Она приподняла бровь.
— Даже так?
— Он хотел, чтобы я помог ему. Но не сказал, в чём именно. Я дал слово… по глупости, по молодости… Он обманул меня. Сказал, что я должен буду лишь отвлечь одного человека, и всё.
— Меня, — твёрдо подтвердила она, губы скривились в холодной усмешке. — Ты отвлёк меня от защиты собственной жизни. Блестящая работа, Родион.
Он закрыл глаза.
— Я знаю, что прощения мне нет… И не прошу…

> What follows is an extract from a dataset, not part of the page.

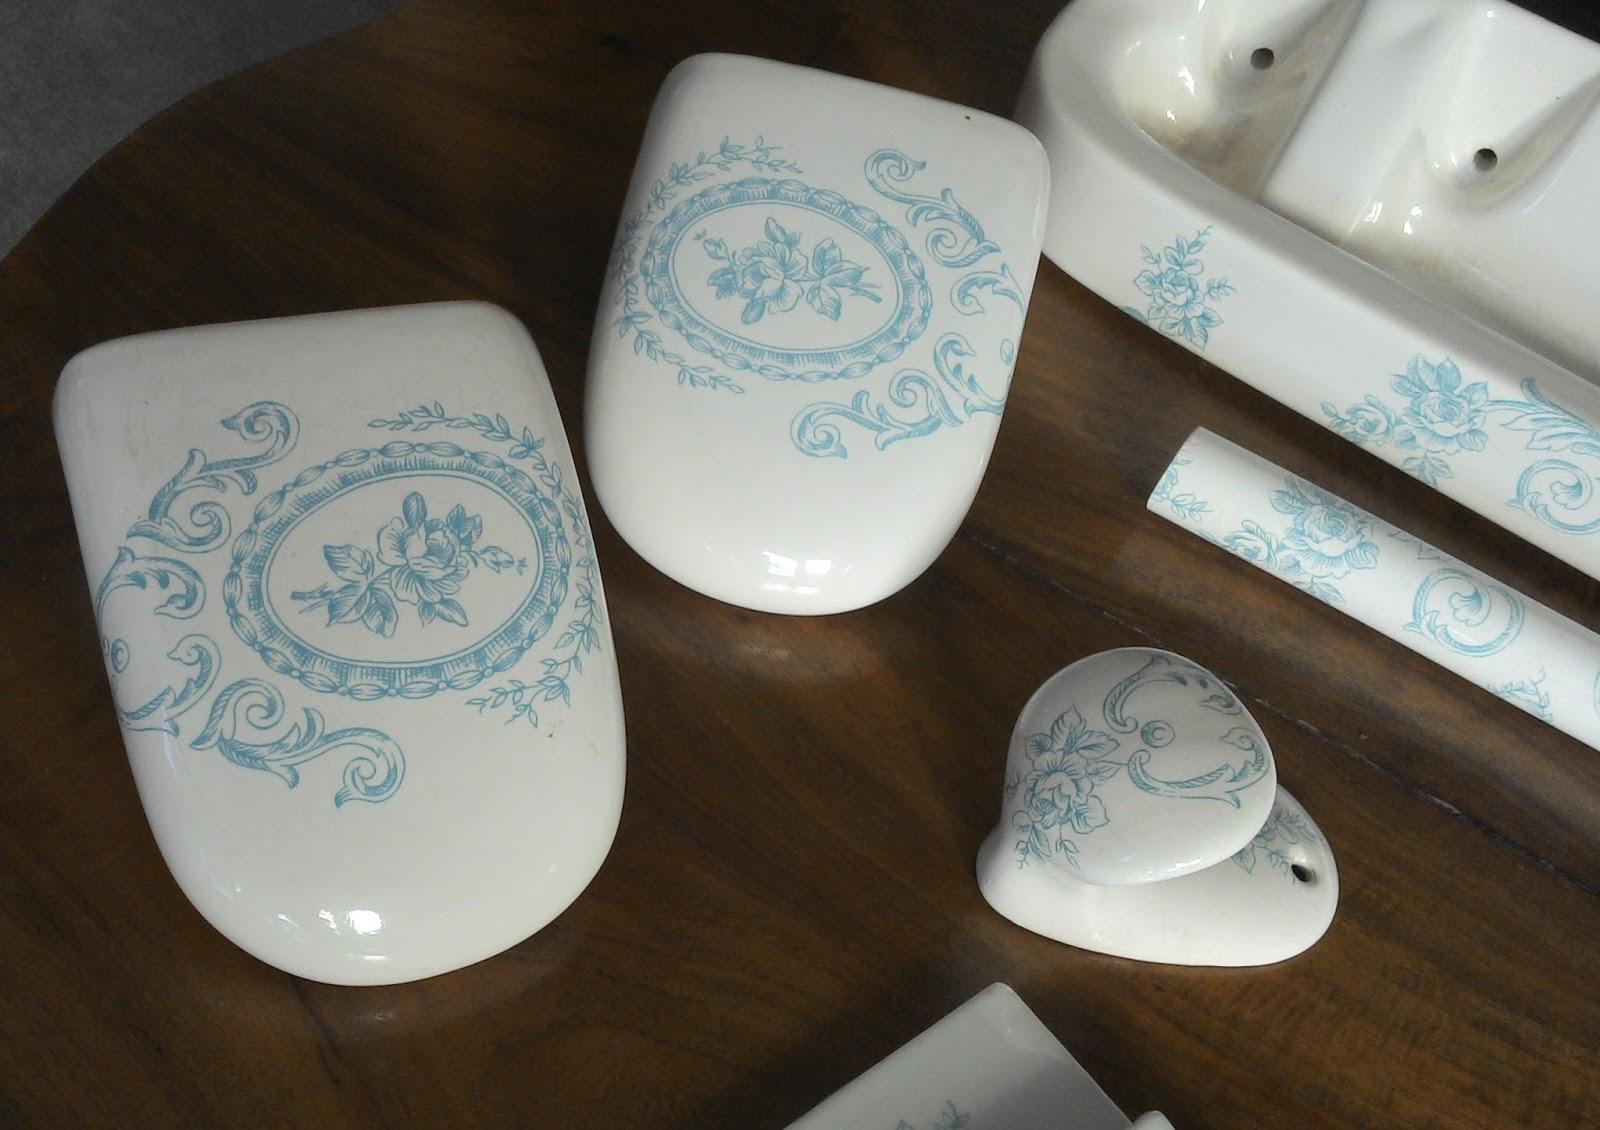 ancien service de toilette bleu porcelaine de paris estampill salle bain france ebay. Black Bedroom Furniture Sets. Home Design Ideas

Вместо ответа Яблокова с силой смахнула с полки несколько фарфоровых фигурок. Те разлетелись по полу, крошась на острые обломки. Один из осколков прокатился почти до ноги Родиона и застыл. Но мужчина не пошевелился.
— Какого прощения ты ждешь? — прошипела она. Воздух дрогнул от жара. — Предатель. Подонок…
— Всё так, — признал он, выпрямляясь медленно, словно кости вдруг стали тяжелыми. Но всё же поднялся. Не сразу, с натугой он взглянул на неё прямо. — Я заслужил наказание. Ты имеешь право на месть.
Я не выдержал. Подступил ближе к зеркалу, почувствовал, как стекло нагрелось от напряжения — и прохрипел, почти не разжимая зубов:
— Василий. Протащи меня туда.
— Уверены? — тихо и, как мне показалось, слишком спокойно уточнил призрак.
— Я сказал…
Но Яблокова перебила и его, и меня — вдруг, неожиданным, горьким смехом.
— Месть?.. — переспросила она и качнула головой. — Я грезила об этом. О том, как однажды найду тебя и сотру в пыль. До праха костей. Без следа. Я мечтала об этом ночами, пока стояла в тишине своей гробницы, неспособная забыть ни твои глаза, ни то, как ты от меня отвернулся.
Её голос дрогнул, но она не позволила себе замолчать. В этом голосе не было истерики. Была боль — старая, но всё ещё живая. Боль человека, который слишком долго не говорил о ней вслух.
— Ты в своём праве… — глухо проговорил лекарь.
Она не ответила сразу. Лишь повернулась к ближайшему зеркалу — тому самому, в котором мы её видели, — и замерла, вглядываясь в своё отражение. Под глазами залегли тени, губы сжались в тонкую упрямую линию. Всё её лицо словно натянулось, заострилось. Секунда — и перед нами стояла уже не женщина, а та, что вернулась из мрака. Почти призрак.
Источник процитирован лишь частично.